I love that Bible verse (
1 John 1:7) about people just needing to walk in the "light" that they have. It's a great passage to support the fact that God does not require more of us than what we have the background and experience to grasp. However, even with that verse, I have found that it's a lot easier to SEE what we need to do than to actually DO it. Our theory very quickly outstrips our ability to practice it. So what do we do when our "light" exceeds our "walk"?
These four words from The Lord's Prayer ("Thine is the power.") sum up a very important part of our walk with God, and that is our absolute dependence on his merciful help in order to keep on walking.
"Thine is the power," is just one of three things we are reminded of at the end of The Lord's Prayer (
Matthew 6:13). The "kingdom", the "power", and the "glory" all belong to and come from God. Praying those three lines seems so unlike much of what I think of as prayer. We are not asking for anything, and it only barely comes into the area of praise. Instead, it just seems to be a personal reminder of our total dependence on God even for our strength to trust him and obey him.
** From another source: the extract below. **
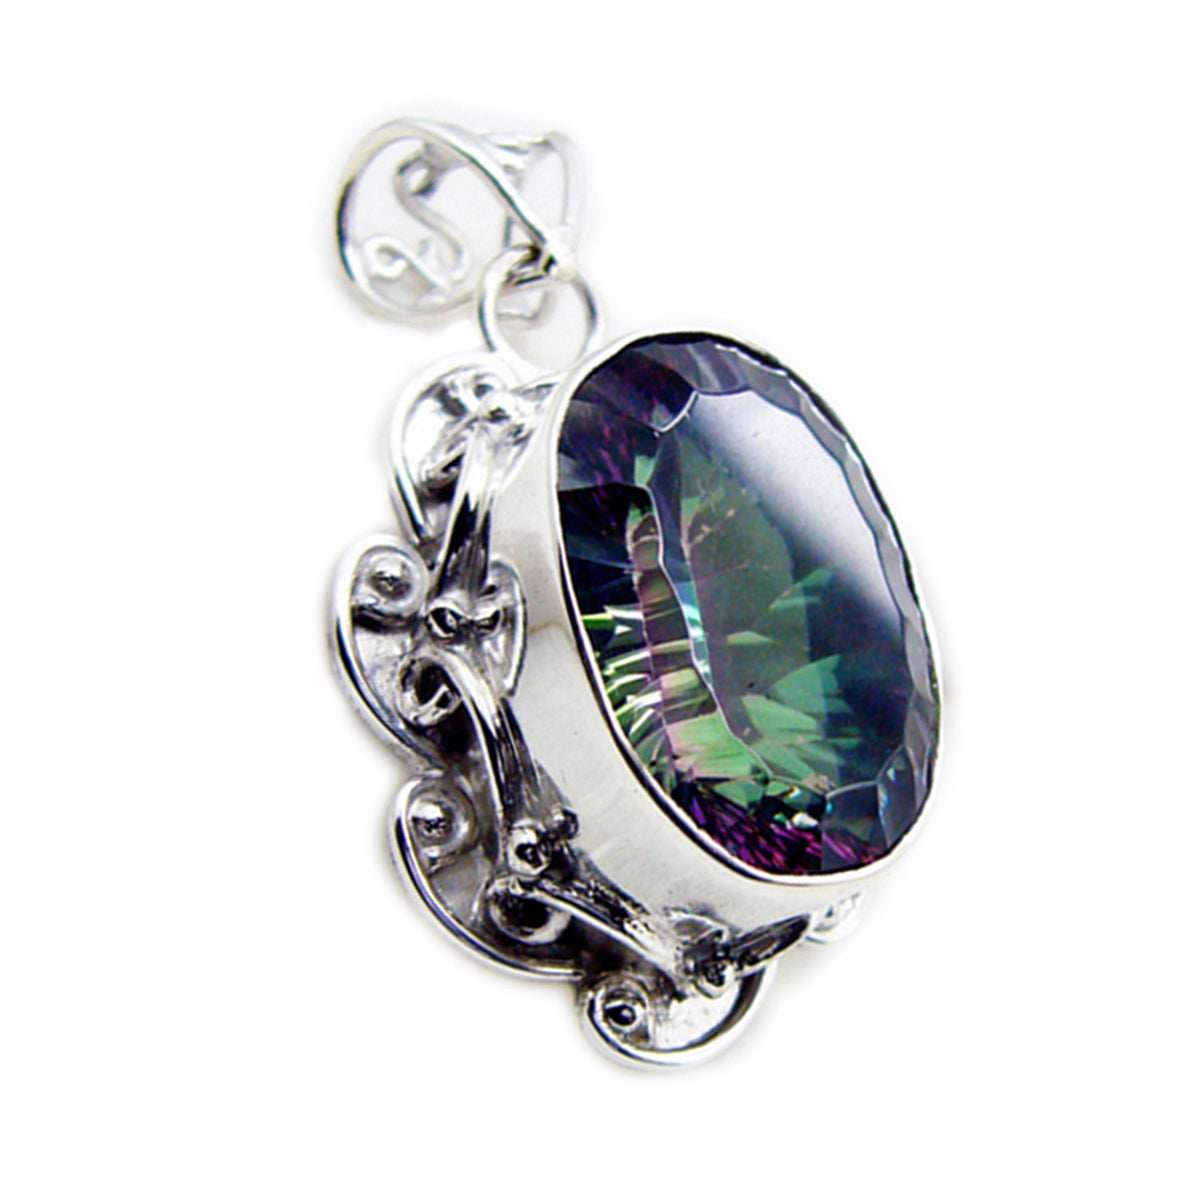 Riyo – pierres précieuses esthétiques ovales à facettes multicolores, quartz mystique, pendentif en argent, cadeau pour femme

"Power" is a word that fits neatly between "kingdom" and "glory", since it has a kind of political sound to it. But today I've been thinking of the word more in the sense of "strength", something I find myself falling short of so often. Somewhere between walking in the Light and recognising that all strength ultimately comes from God is a merging of our will with his power to accomplish that will.
Jesus said to his disciples, "The spirit, indeed, is willing, but the flesh is weak." (
Matthew 26:41) This is the same Jesus who said, "Be ye perfect, even as your heavenly Father is perfect." (
Matthew 5:48) Paul said of himself, "The good that I would do, I do not. Oh wretched man that I am!" (
Romans 7:19, 24) This was the same Paul who said, "I can do all things through Christ, who strengthens me." (
Philippians 4:13) These apparently contradictory statements are only consistent when we understand that the strength (or power) comes from Christ in the first place.
Even that passage about walking in the light finishes by telling us that our "walk" results in us being "cleansed from all sin". So obviously, our walk is never going to be perfect. (Otherwise, there would be no "sins" for which we would need to be forgiven.) There must be a dynamic interaction between our will and God's will, our strength and God's strength, always remembering that even what we might call "our strength" is a gift from God, to whom belongs all the glory, forever and ever. Amen.